Percentiles are especially useful when researching schools. If a program reports a median GMAT of 700 from the old edition, you can find the percentile that score represented and then match it to the equivalent Focus Edition score. This gives you a much more accurate target than simply trying to hit a number that looks similar on a different scale.

What Your Score Report Includes

When you finish the exam, you see an unofficial total score on screen immediately. Your official score report, sent to you and to any schools you designate, includes your total score (205–805), individual section scores for Quantitative Reasoning, Verbal Reasoning, and Data Insights, and percentile rankings for each.

GMAT scores are valid for five years, meaning schools will accept them for admissions decisions within that window. Your scores remain available in the system for reporting purposes for up to 10 years. After 10 years, they’re no longer accessible at all. If you’re planning to apply to business school a few years from now, a score you earn today will still count, but waiting much longer than five years means retaking the exam.

What Counts as a Good Score

There’s no universal passing score on the GMAT. What qualifies as “good” depends entirely on where you’re applying. Top-10 MBA programs typically see median scores in the upper range of the scale, while many strong programs admit students with scores closer to the middle. Check the class profile page of each school on your list for their most recent reported median or average. If the school still lists an old-format score, convert using percentiles as described above.
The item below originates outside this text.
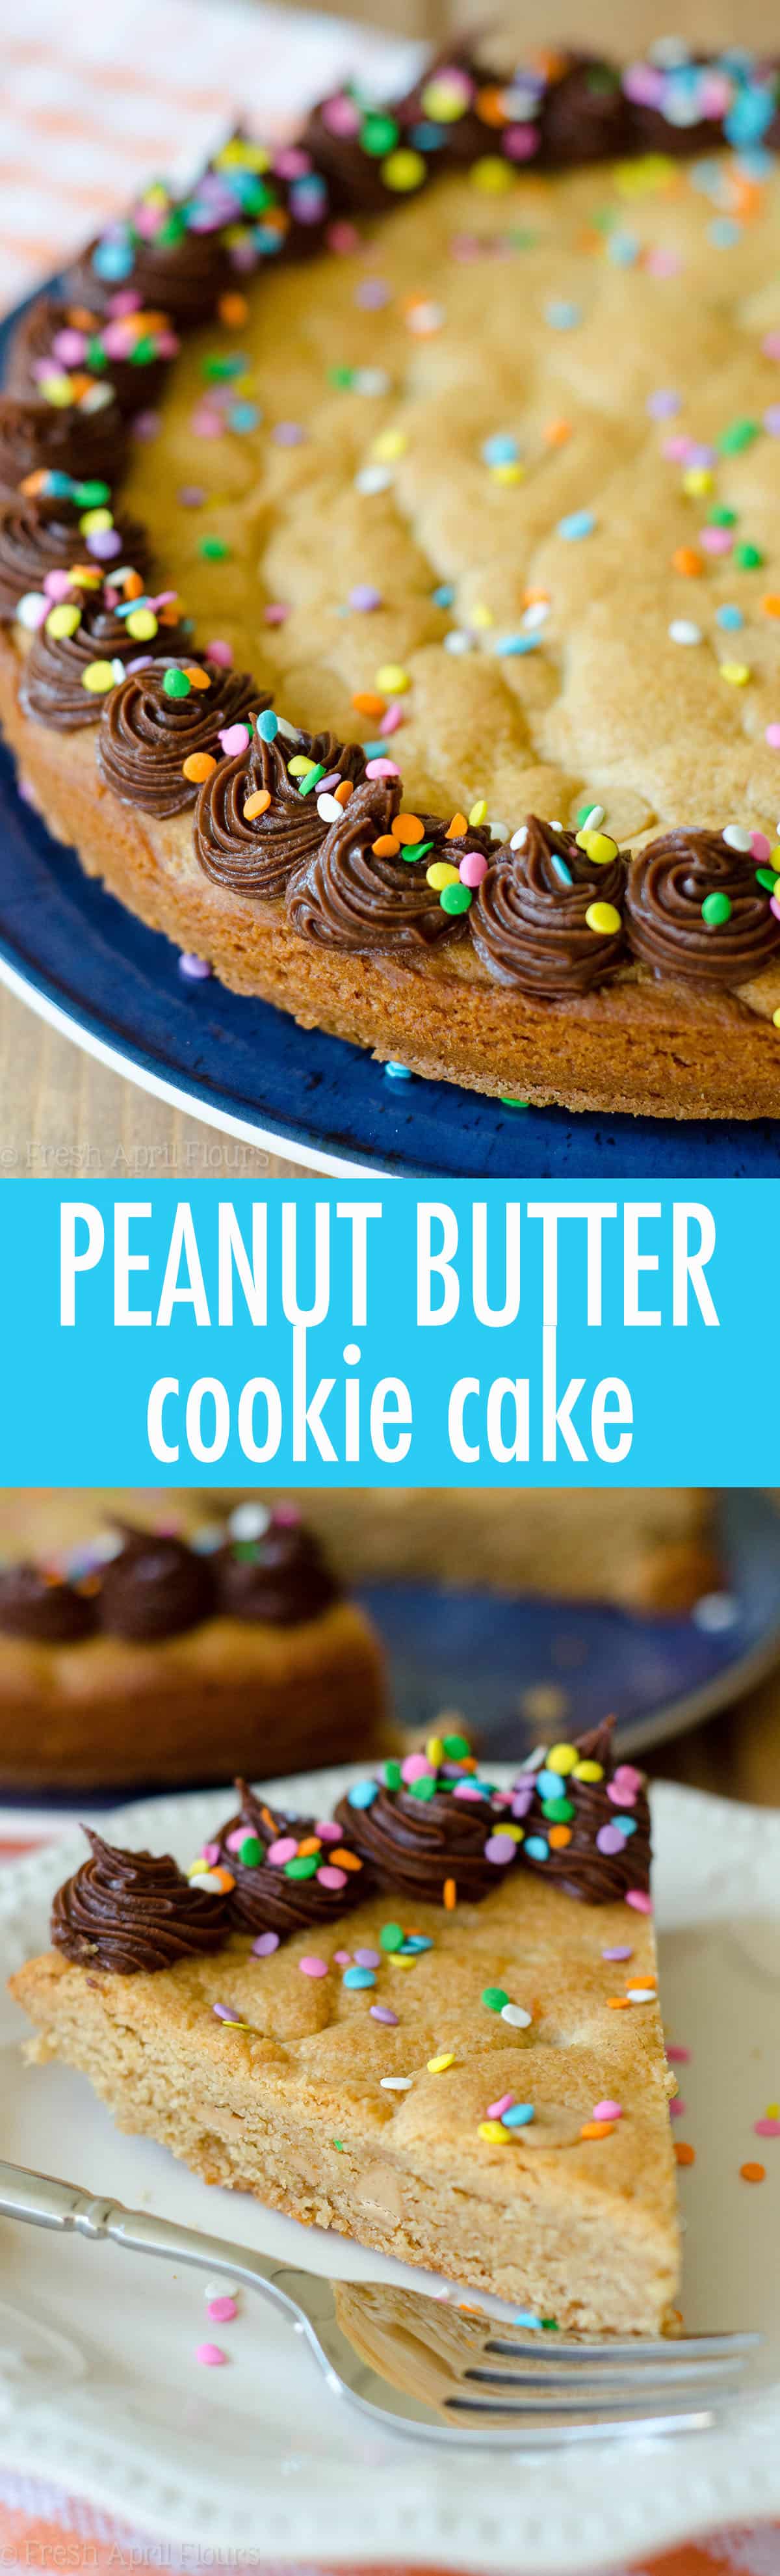 Peanut Butter Cookie Cake: A peanut buttery twist on the classic cookie cake. Top with chocolate, peanut butter, or vanilla frosting and get to decorating! via @frshaprilflours

Keep in mind that the GMAT is one piece of your application. Admissions committees weigh it alongside your GPA, work experience, essays, and recommendations. A score slightly below a school’s median won’t automatically disqualify you, and a score well above it won’t guarantee admission. That said, hitting or exceeding the median removes one potential concern from your file and lets the rest of your application carry its full weight.